The McCain spat, Moore said, was an example of that.
“People applied that to all soldiers,” he said. “Trump was trying to
protect his people.”
That was Trump’s official line. In the seven
days since he suggested that merely being “captured” did not make
McCain a hero, Trump has alternately denied that he said it, talked up
his work for veterans, and said that he was only responding to McCain
for calling opponents of immigration reform “crazies.”
Trump
deployed all of those arguments here Saturday. One of his warm-up
speakers, 20-year Navy SEAL Brad Nagel, insisted that Trump respected
veterans, unlike “people who think we’re crazies.” (McCain had not been
referring to veterans.) Event staffers who found veterans in the crowd
handed them “Veterans for Trump” signs. Late into his 56-minute speech,
Trump beckoned to someone offstage, and a woman in a black dress
delivered a stack of paper wrapped in a red bow.
This, Trump
said, represented one day of “more than 700 letters from veterans,
thanking me.” They appreciate his charity, he said, and trust him to
reform Veterans Affairs, even though he did not serve.

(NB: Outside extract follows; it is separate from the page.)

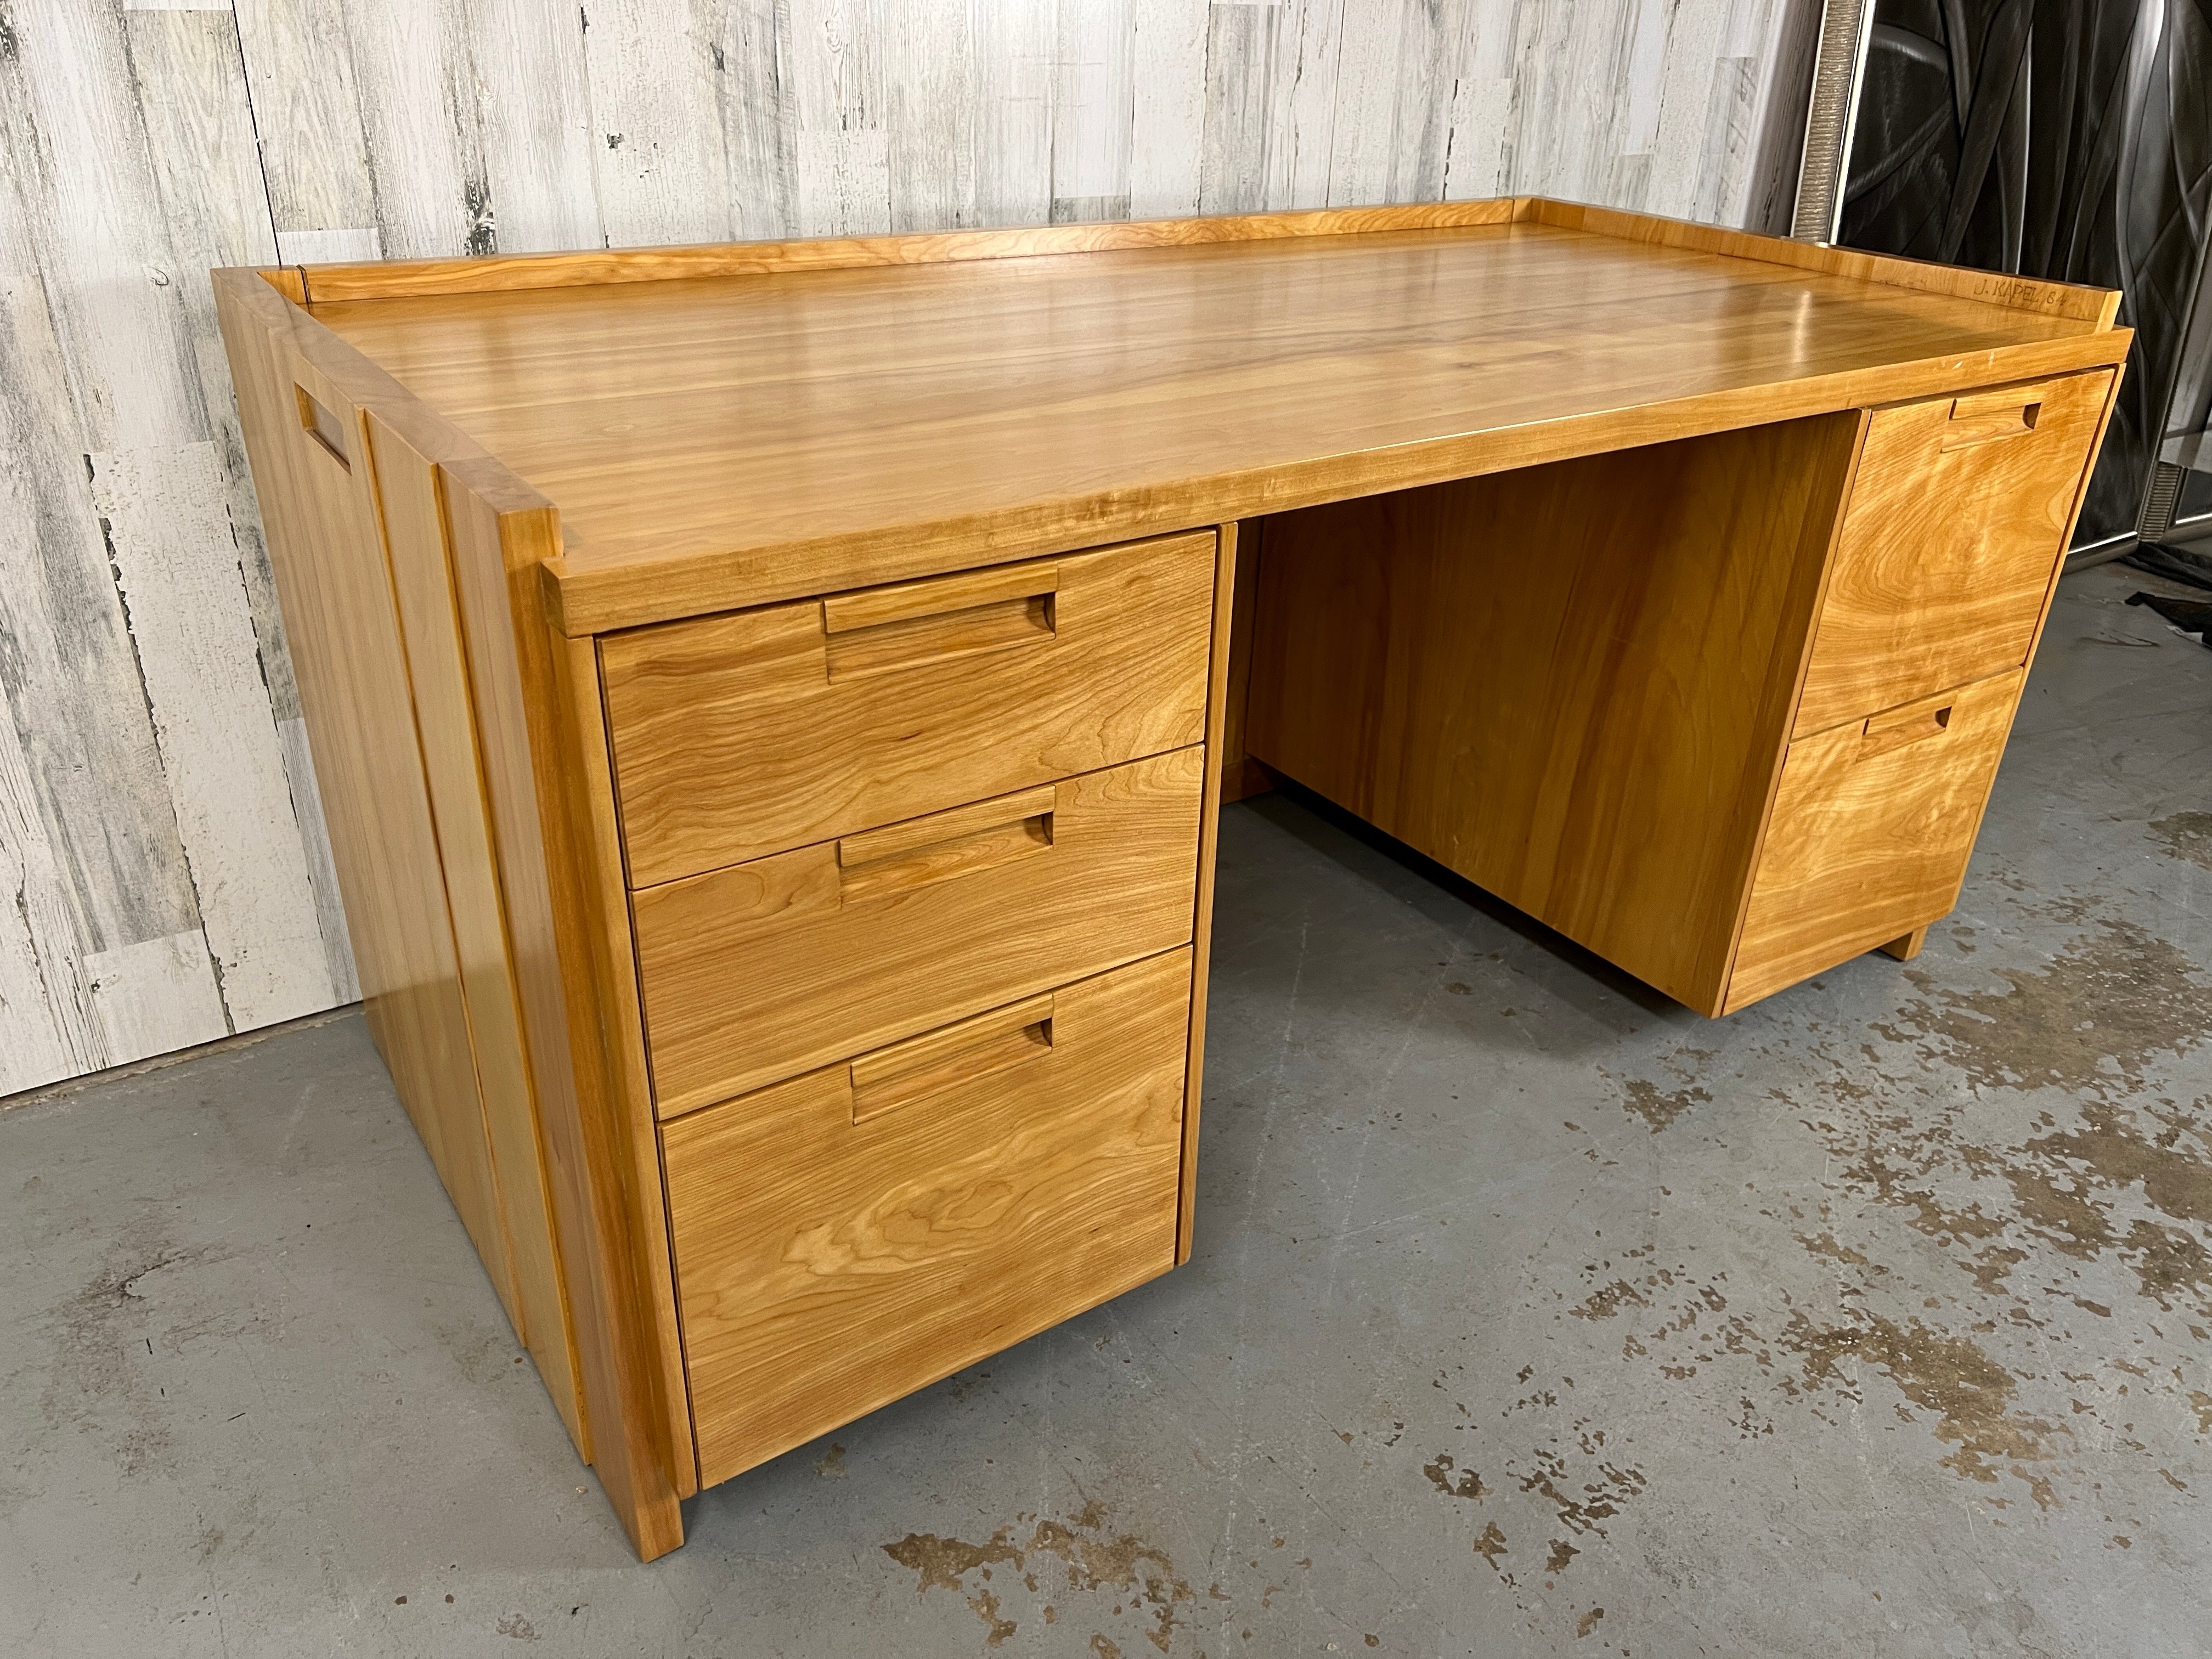 Very Rare Custom Made John Kapel Sculpted Cherry Wood Desk. Incredible wood grains. Very sturdy and solid. This desk is very unique and hard to come by. As pictured- John Kapel making this desk custom back in the day. 
Writing surface height:

“I might not have been a great soldier,” Trump said. “I don’t know. Maybe I would, maybe I wouldn’t.”
Trump’s
cleanup seemed to do the trick. Tammy Sparks, 54, came to the event
because she interpreted the comment as an insult to her father, a
prisoner of war during World War II.
“I heard he’d been saying
some bad stuff about prisoners of war, and I was so irritated,” Sparks
said. “One of the guys in suits explained it to me. And when Mr. Trump
saw me again, he said, ‘That was not what I meant.’?”
Others said
there was nothing to apologize for as far as McCain was concerned.
“He’s done nothing for veterans, nothing to secure our borders,” said
Randy Binns, who wore a hat and pin commemorating his service in the
1991 and 2003 Iraq invasions. “If he was running again, I’d tell him to
get out of town.”
In Oskaloosa, Trump told his main audience, of
700, about his Thursday visit to the U.S.-Mexico border. He told an
overflow audience that President Obama had failed POWs by winning Bowe
Bergdahl’s release from the Taliban but not getting Iran to turn over
hostages.
He also won cheers for telling how he denied
credentials to the Des Moines Register, Iowa’s largest newspaper, after
its editorial board called on him to quit the race. In a back-and-forth
with reporters, with the Register’s team kept outside his event, Trump
proved that he was comfortable being playful with the facts.
“I didn’t ban them,” he insisted. “They just couldn’t get credentials.”